▶ PROBLEM TO WORK ON:
Repeat nothing but the line containing "Appointments: thamesshoulderandelbow.co.uk/contact/" and the lines that follow it, up to and including the last line of the data below.
━━━━━━━━━━━━━━━━
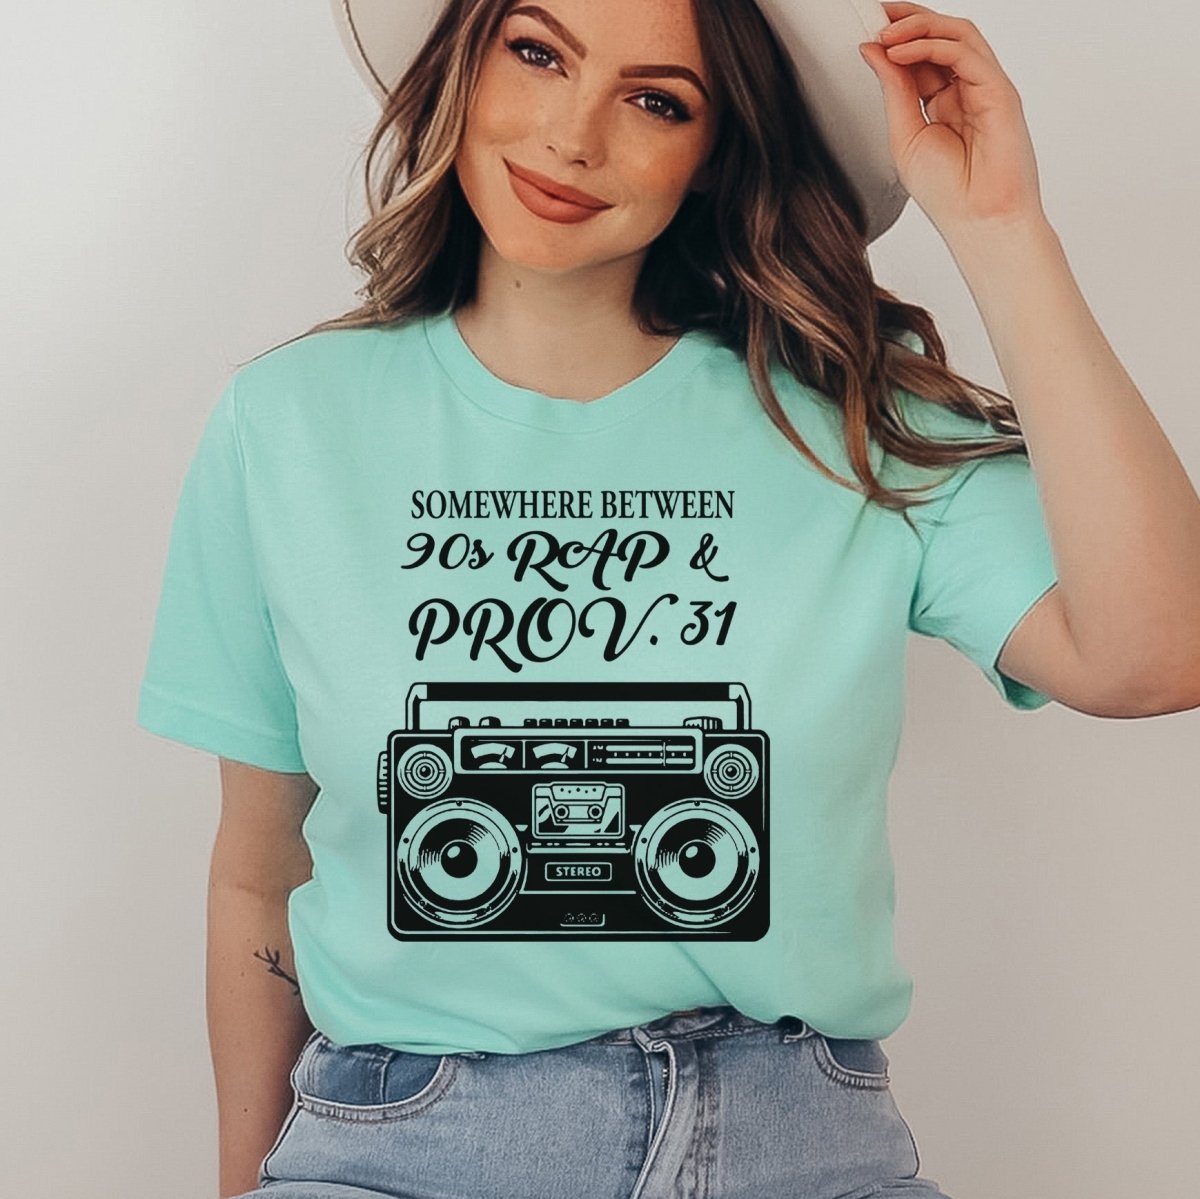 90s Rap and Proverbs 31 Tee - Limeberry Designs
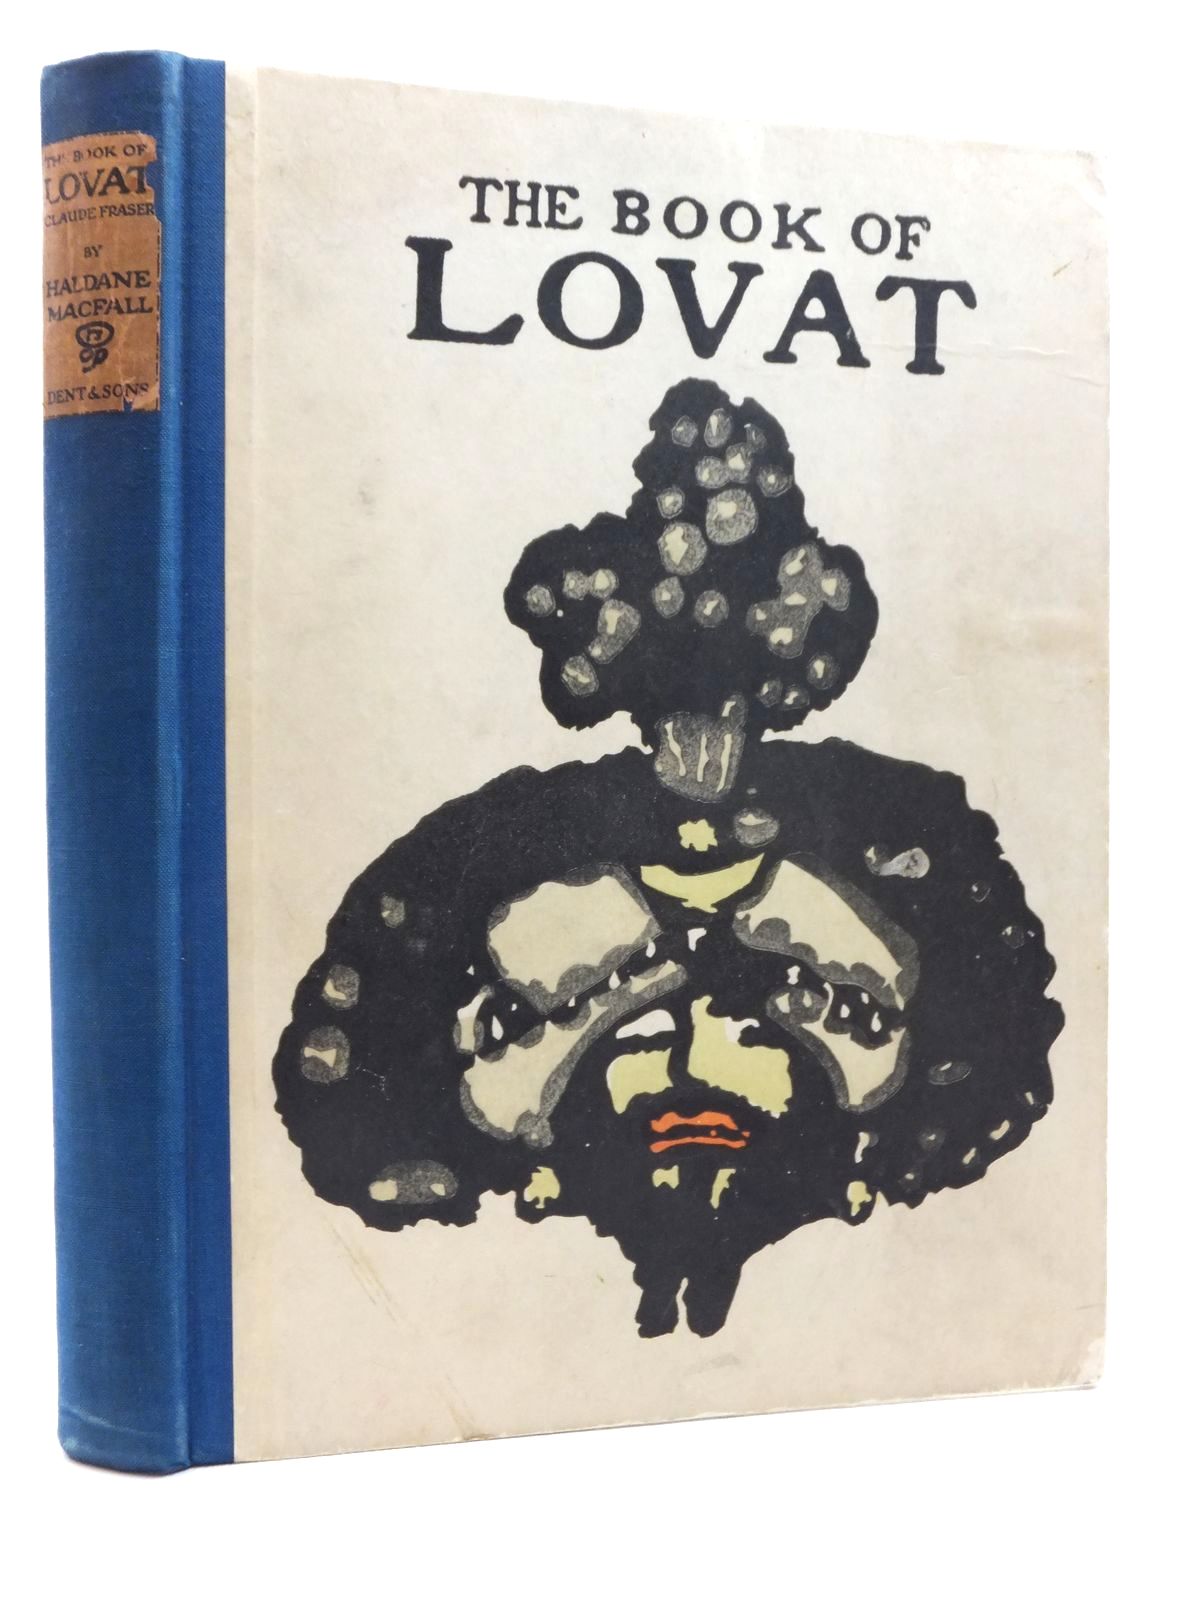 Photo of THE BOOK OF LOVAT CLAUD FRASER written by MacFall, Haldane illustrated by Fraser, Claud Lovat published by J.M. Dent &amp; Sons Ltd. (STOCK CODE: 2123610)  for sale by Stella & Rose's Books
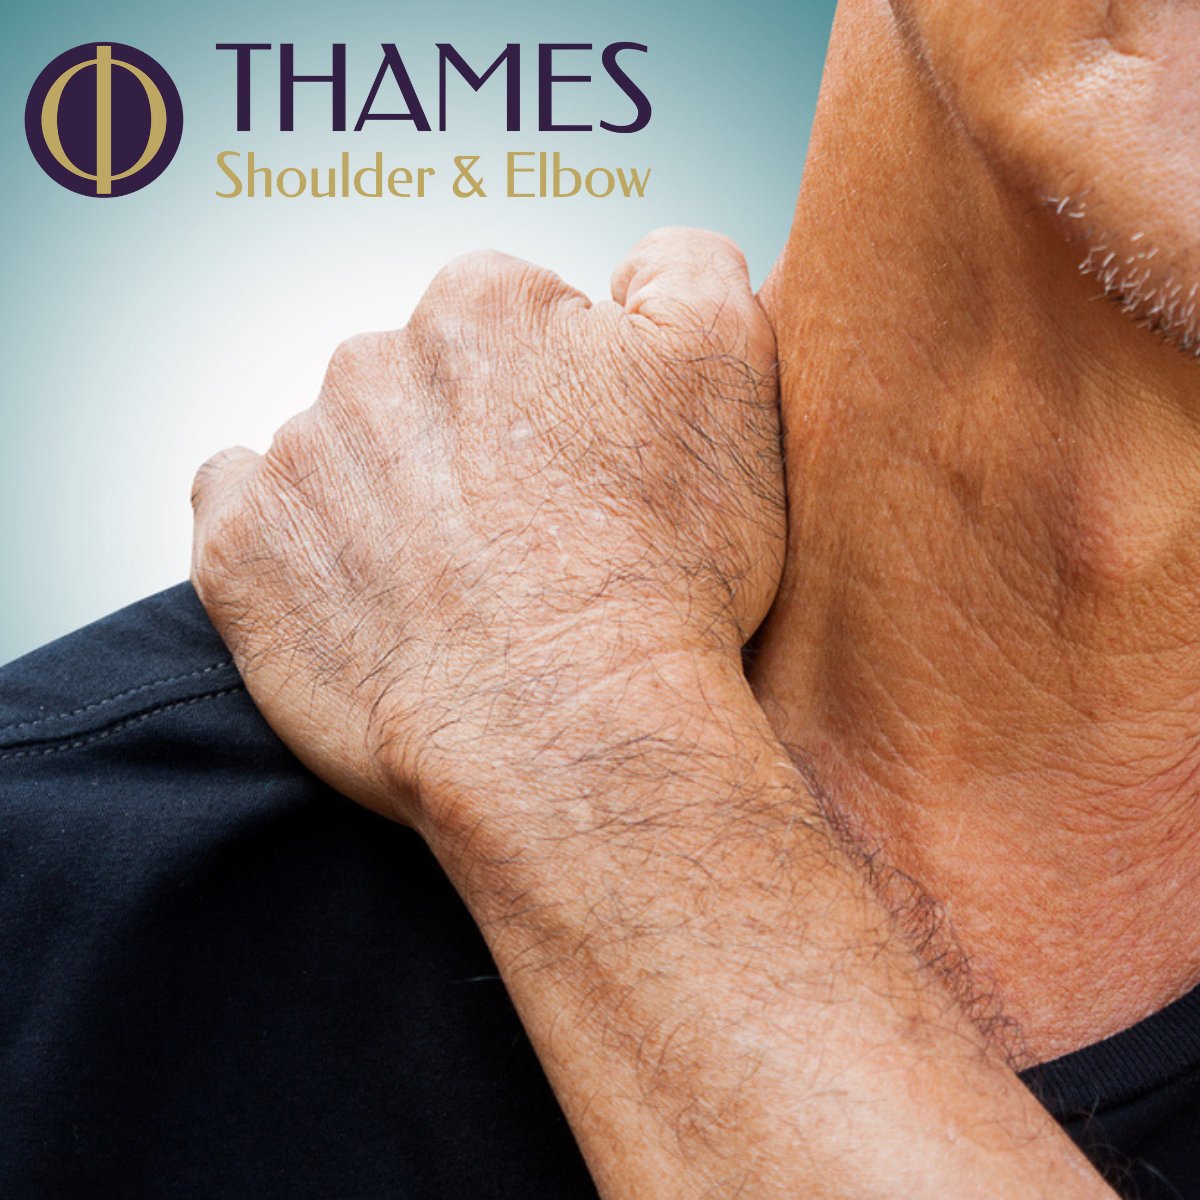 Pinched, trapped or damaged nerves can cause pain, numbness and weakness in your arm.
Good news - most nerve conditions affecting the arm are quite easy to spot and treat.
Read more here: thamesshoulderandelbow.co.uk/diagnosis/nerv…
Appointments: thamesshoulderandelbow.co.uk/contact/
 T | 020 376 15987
━━━━━━━━━━━━━━━━
▶ ANSWER TO THIS PROBLEM:
Appointments: thamesshoulderandelbow.co.uk/contact/
 T | 020 376 15987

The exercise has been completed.